Встал на колени старый Травесаньо.
– Кампос, благородное сердце, всего твоего добра хватит лишь на дюжину кирок.
Настала ночь, и тоска еще сильнее охватила Инри Кампоса.
– Проклята будь наша бедность! Проклята будь, ибо толкает на ложь и разбой! Не раздвинуть скалы руками. Проклята будь нищета, ибо слабеют от нее души! Проклята будь трусость людская, а больше всех будь проклят ты, Инри Кампос, за то, что не в силах излечить своих земляков от этих пороков. Разве на то даны нам руки, чтобы протягивать их за подачкой? Нет, мужчине руки даны, чтобы драться! Кровь моя кипит – я не буду рабом, Я иду!
Встал на колени старый Роблес.
– Инри Кампос, благородное сердце, не проклинай нас. Труслив человек, но еще более – жалок. И без того нам тяжко приходится, а если ты проклянешь нас, еще хуже станет. Прости нас, Инри Кампос!
Молча поворотился к нам Инри Кампос широкой спиною и тихо закрыл за собой двери своего дома. Рассвет не застал его в Янакоче.
Старый Эррера вспоминает прошлое. Он видит: стоит в дверях Инри Кампос, грустно глядит.

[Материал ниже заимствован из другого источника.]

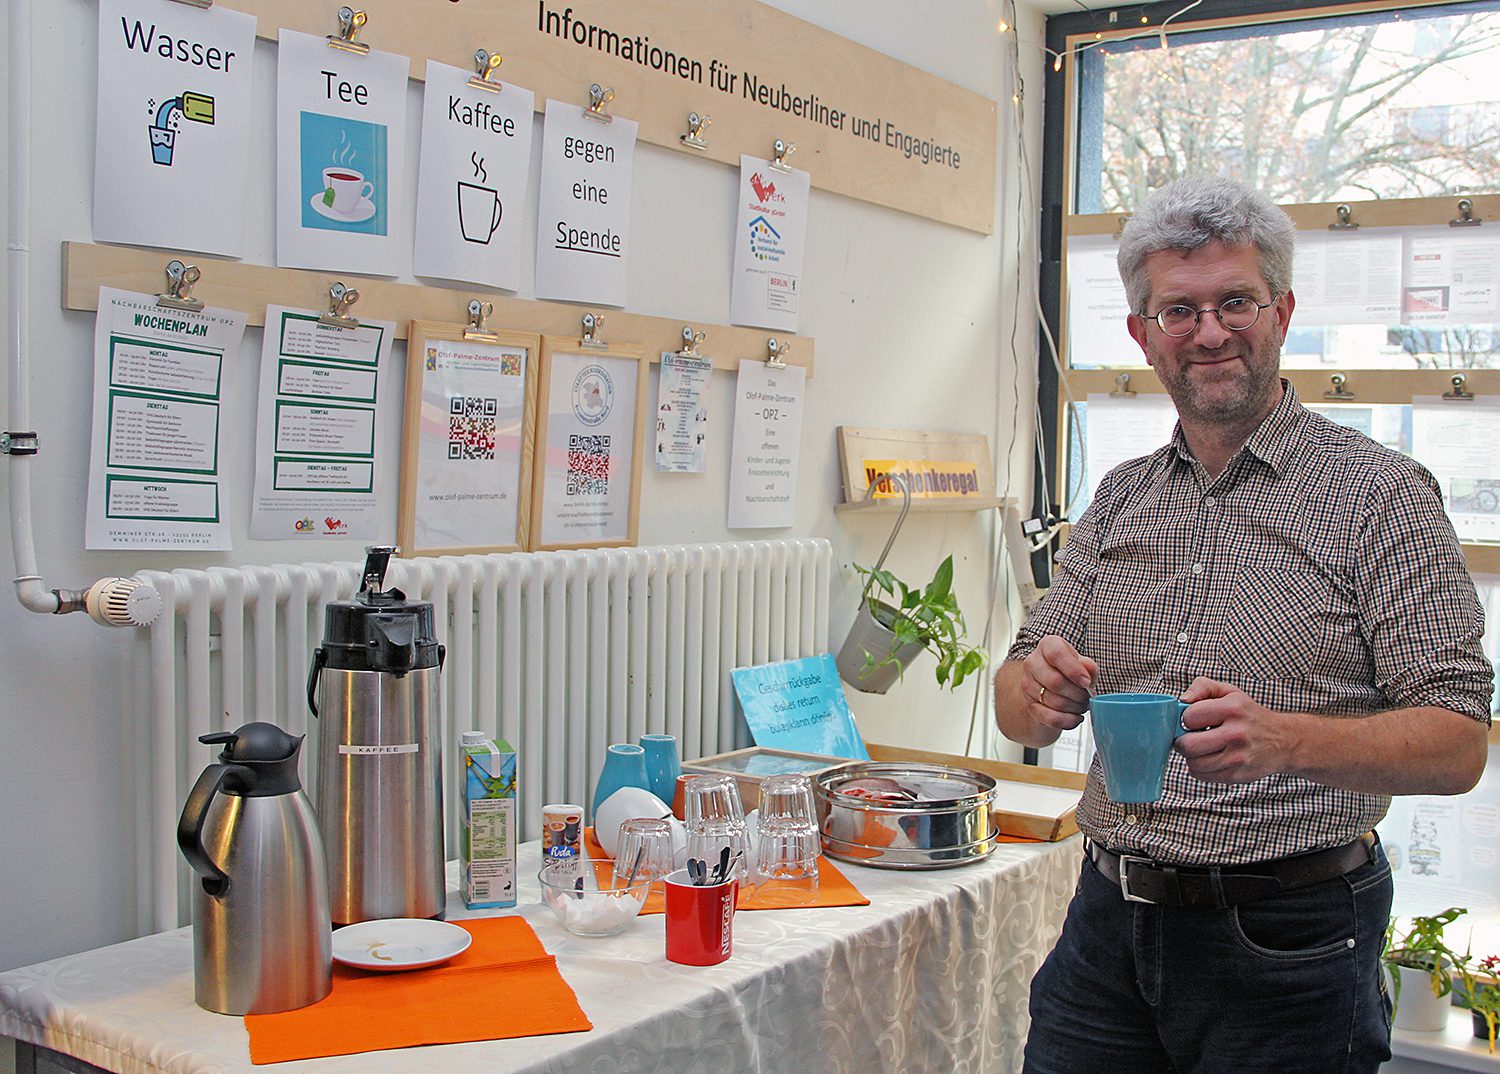 Jochen Uhländer vom Olof-Palme-Zentrum bietet einen warmen Ort, warme Worte, Tee und Kaffee an. Foto: Hensel

– Зачем вы здесь, дон Инри? – спрашивает Эррера.
С невыразимой печалью глядит на него Инри Кампос.
– Вы явились сказать, чтоб мы шли на поиски новых земель? Но вы ошибаетесь. Я не позволю вам больше сбивать с толку людей, дон Инри. Не уходить мы должны, а бороться против тех, кто хочет заставить нас снова уйти.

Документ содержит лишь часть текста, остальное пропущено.